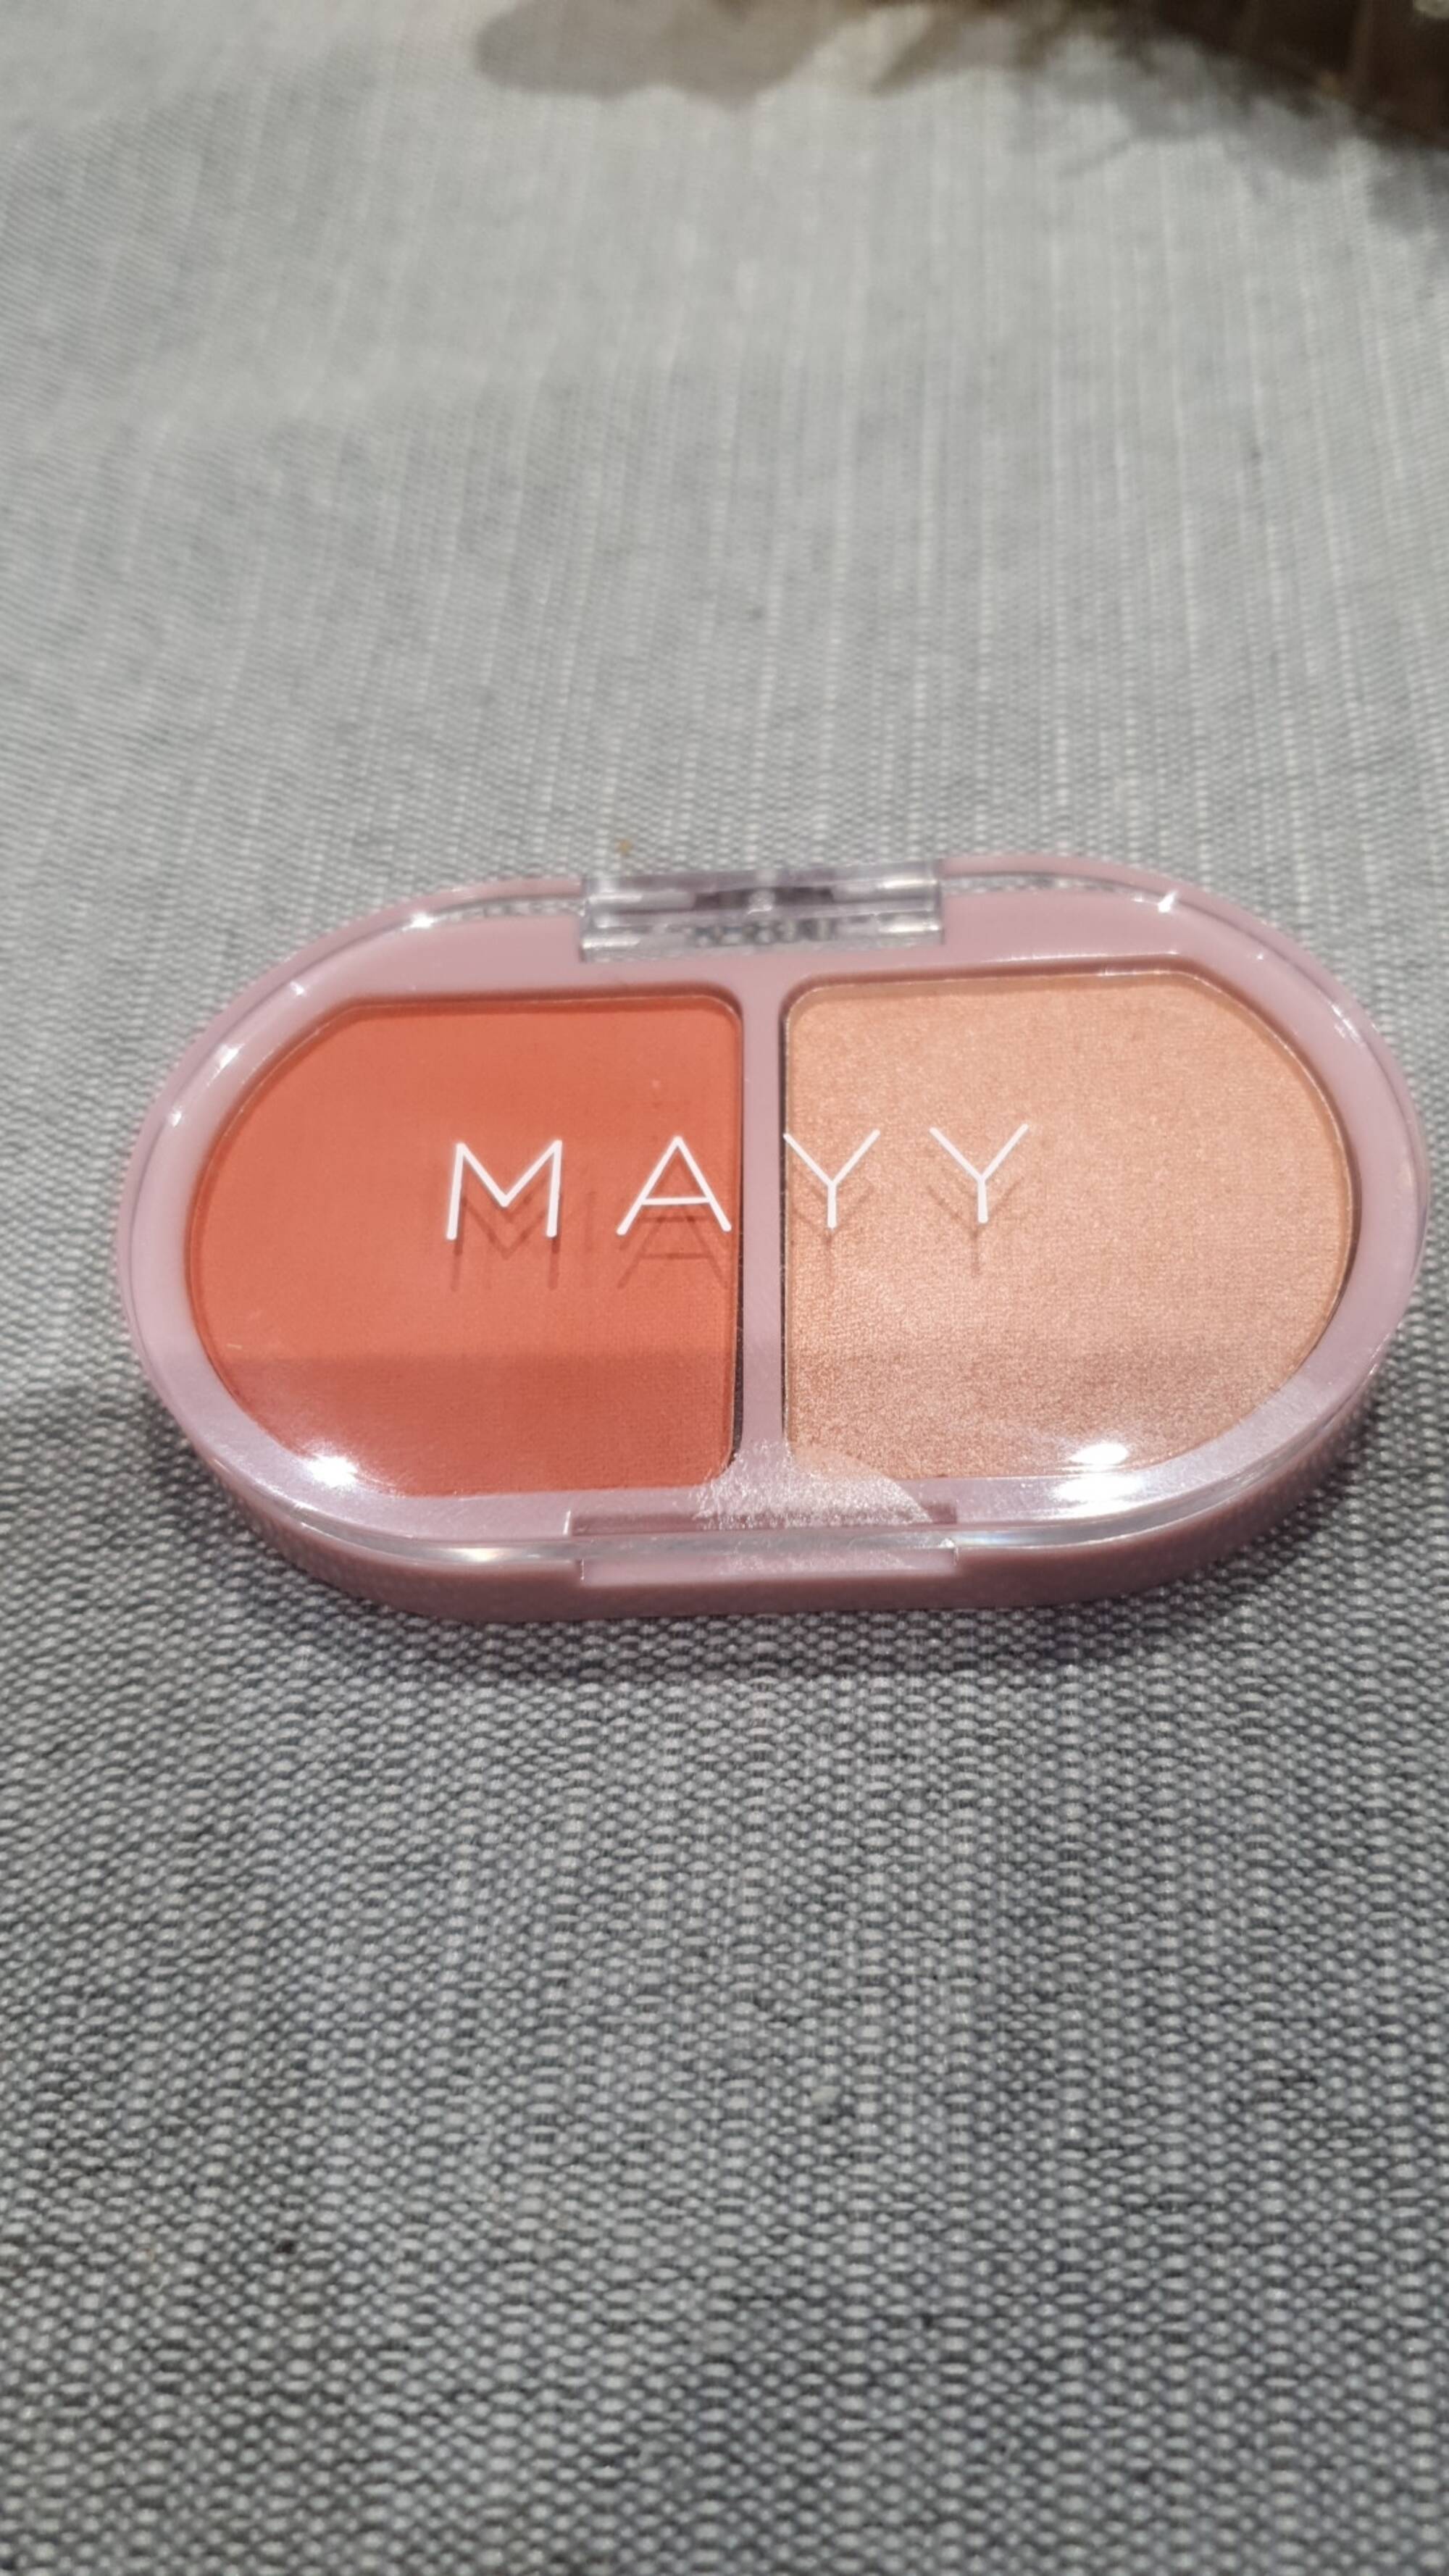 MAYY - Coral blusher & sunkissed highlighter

--

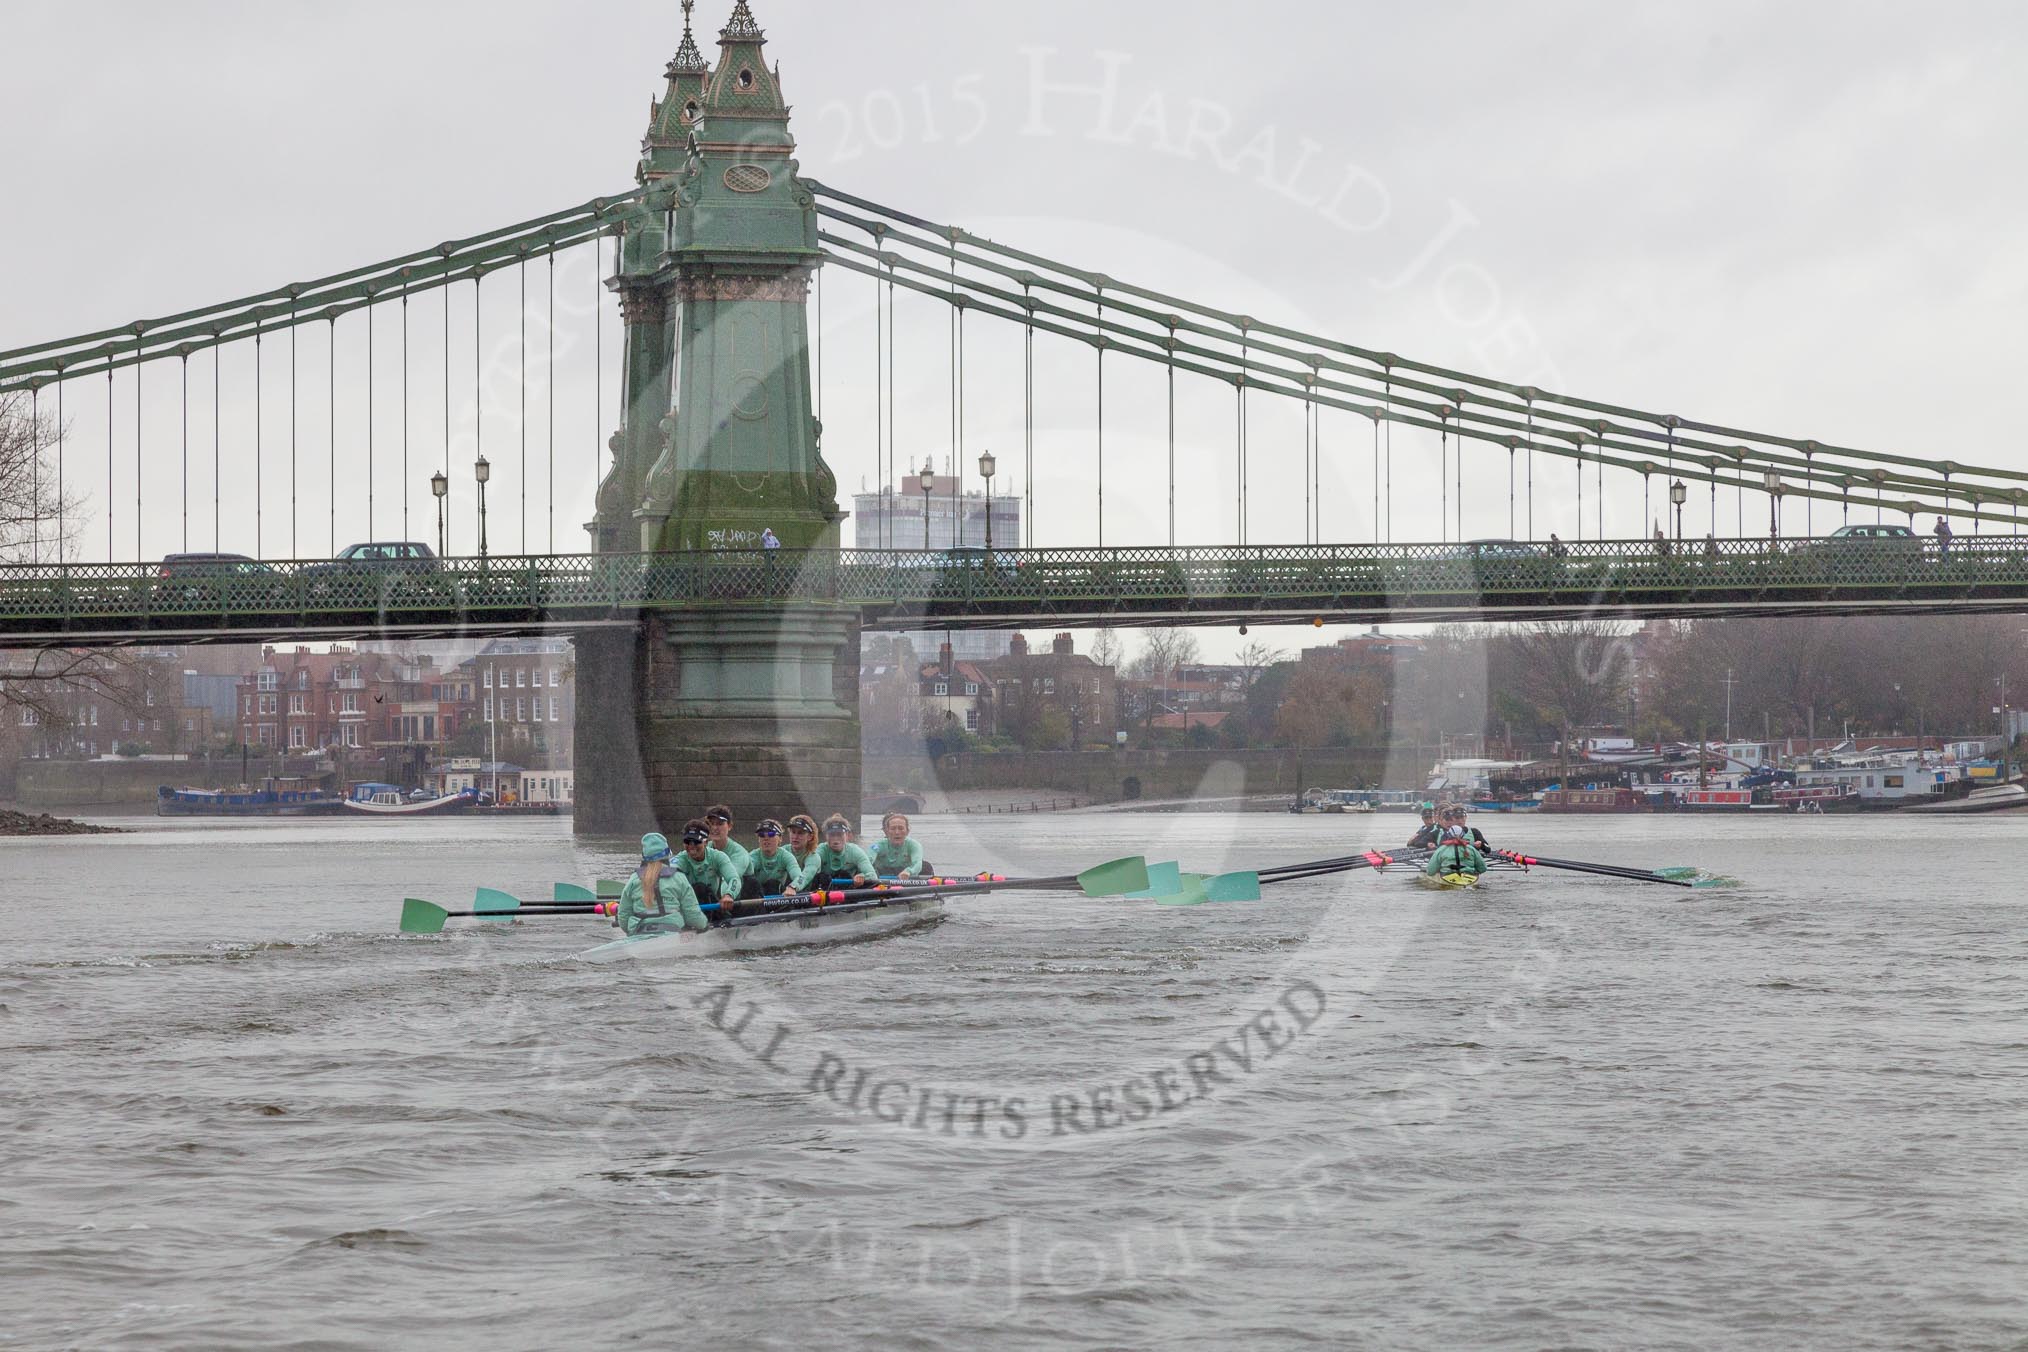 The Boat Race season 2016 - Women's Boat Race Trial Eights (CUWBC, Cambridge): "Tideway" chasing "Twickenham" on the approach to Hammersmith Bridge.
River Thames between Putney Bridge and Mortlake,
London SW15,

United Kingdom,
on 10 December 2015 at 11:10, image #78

_ACTIVITY:_
Among the records above, only the lines between the line holding "River Thames between" and the line holding "on 10 December 2015 at 11:10, image #78", inclusive, are to be output, exactly as written.

_EXERCISE ANSWER:_
River Thames between Putney Bridge and Mortlake,
London SW15,

United Kingdom,
on 10 December 2015 at 11:10, image #78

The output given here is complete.